Nevertheless, the Karen National Liberation Army (KNLA) is in a commanding position and controls about 90 percent of Kayin State. Yet despite this Myawaddy is problematic and a source of irritation for troops on the ground.

No sooner had the KNLA taken the city of 200,000 people than it abruptly backed down and did a deal with defecting junta soldiers and the local Border Guard Force (BGF) in what amounted to an uneasy power-sharing agreement in mid-April. Some called it a strategic withdrawal.

KNLA leaders and the shadow National Unity Government (NUG) did fear Myawaddy would be mercilessly bombed by the junta’s air force. An uneasy truce still exists, amid pressure from Thailand, but this has upset the rank and file who have little to show for months of hard fighting.

“There’s something wrong. It’s too quiet. We were told in training; in war be true to yourself. We did this and fought but now we feel betrayed by the politicians. I am from Myawaddy, we won that battle and I can’t even go there,” a KNLA commando told this journalist in Mae Sot.

Nevertheless, he indicated the KNLA is braced for a counter-offensive, adding: “The political situation is complex and we can’t talk about the situation or the operations.”

Mae Sot sits on the Thai side of the border opposite Myawaddy, divided by the Moei River and is every bit a frontier town, or halfway house for troops from all sides of the conflict, refugees, and NGOs attempting to meet the needs of hundreds of thousands of people who have fled Myanmar’s conflicts over the years.

And none of them want to get bogged down in the sodden mud, the steep ravines prone to landslides, or thick jungles that are difficult to navigate amid the torrential rains, where delivering supplies, deploying troops, and evacuating the wounded is almost impossible.

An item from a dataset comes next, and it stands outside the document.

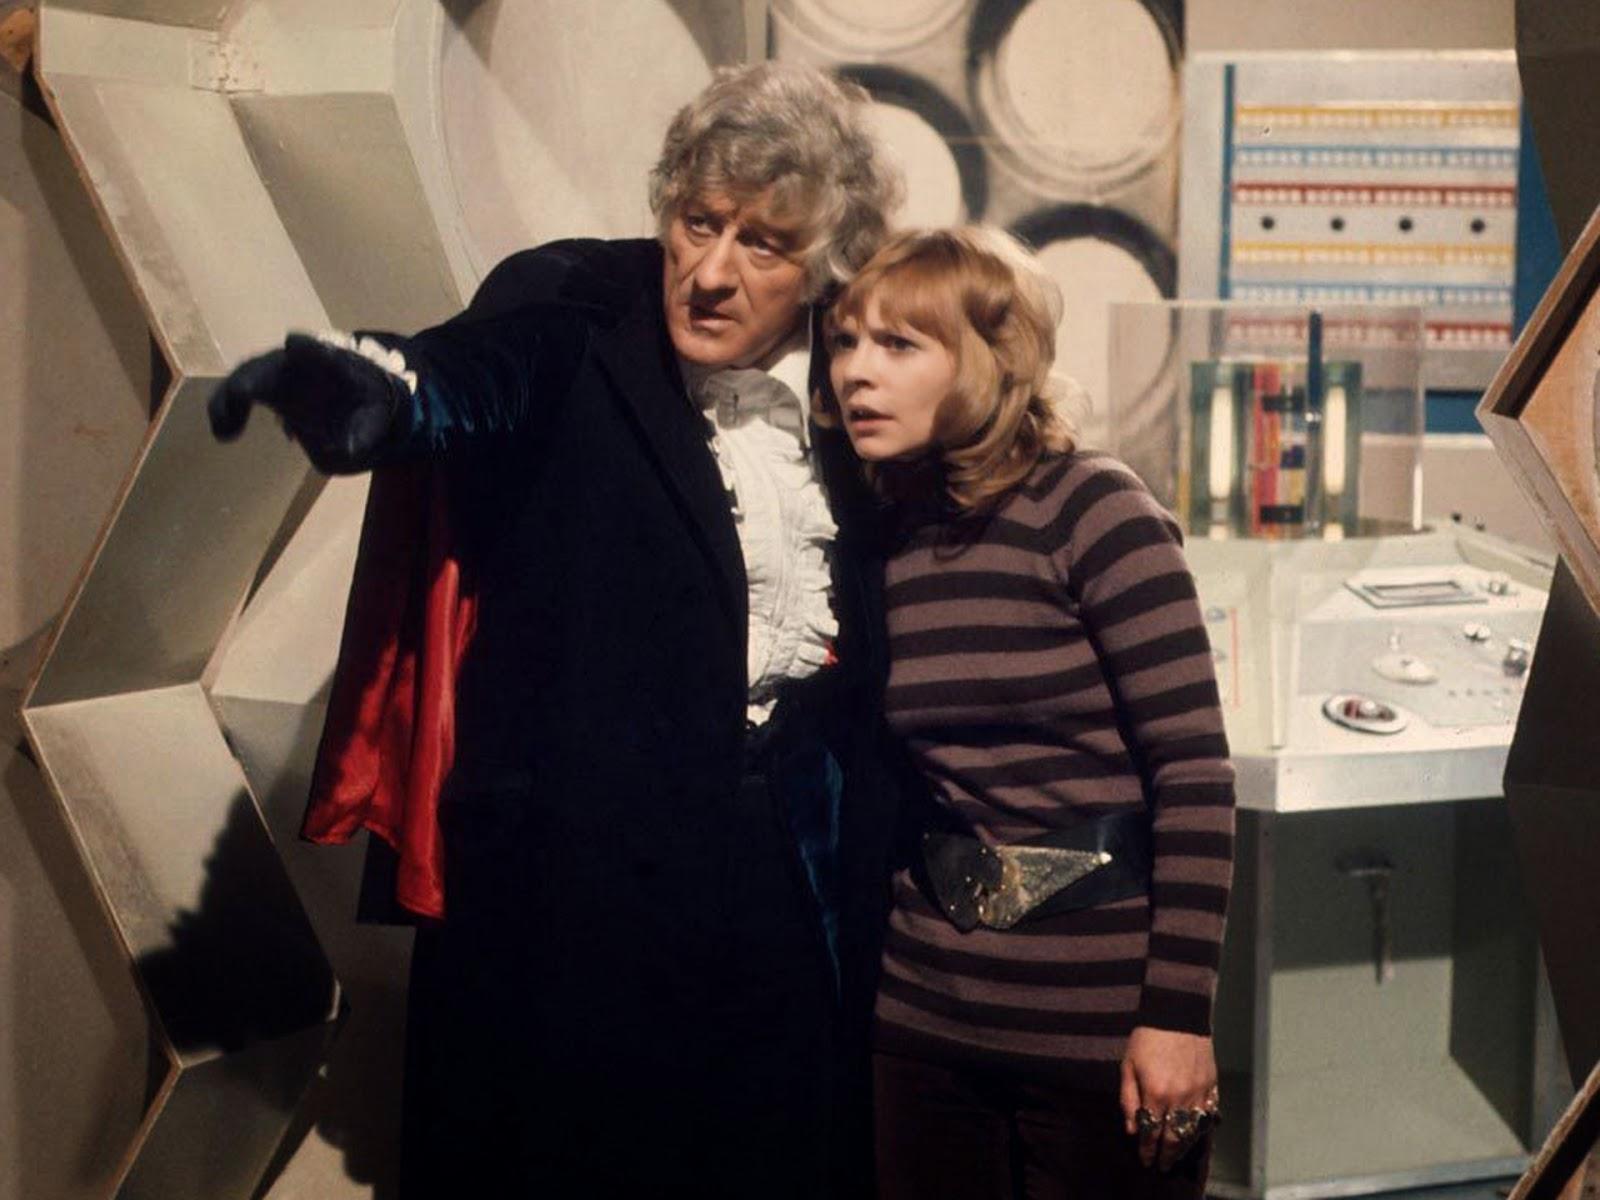 M: Doctor Who: Day of the Daleks (Story 60) Katy manning dalek photo

This was another reason why the 20-odd EAOs and the PDFs decided not to press home the advantage by attacking Naypyidaw, Yangon, and Mandalay towards the end of April and why many are saying the junta simply does not have the time to retake the east.

But not everyone agrees, as one observer, who declined to be named, put it: “Hlaing is embarrassed and the revolution is succeeding. He desperately needs a win and even in a monsoon, jets can keep bombing and I think the military will still battle it out for control of the road network,” the observer said.

“It might be difficult on the ground but I don’t think the fighting will stop for the wet season,” he added. “In fact, it could intensify because the junta has no choice.”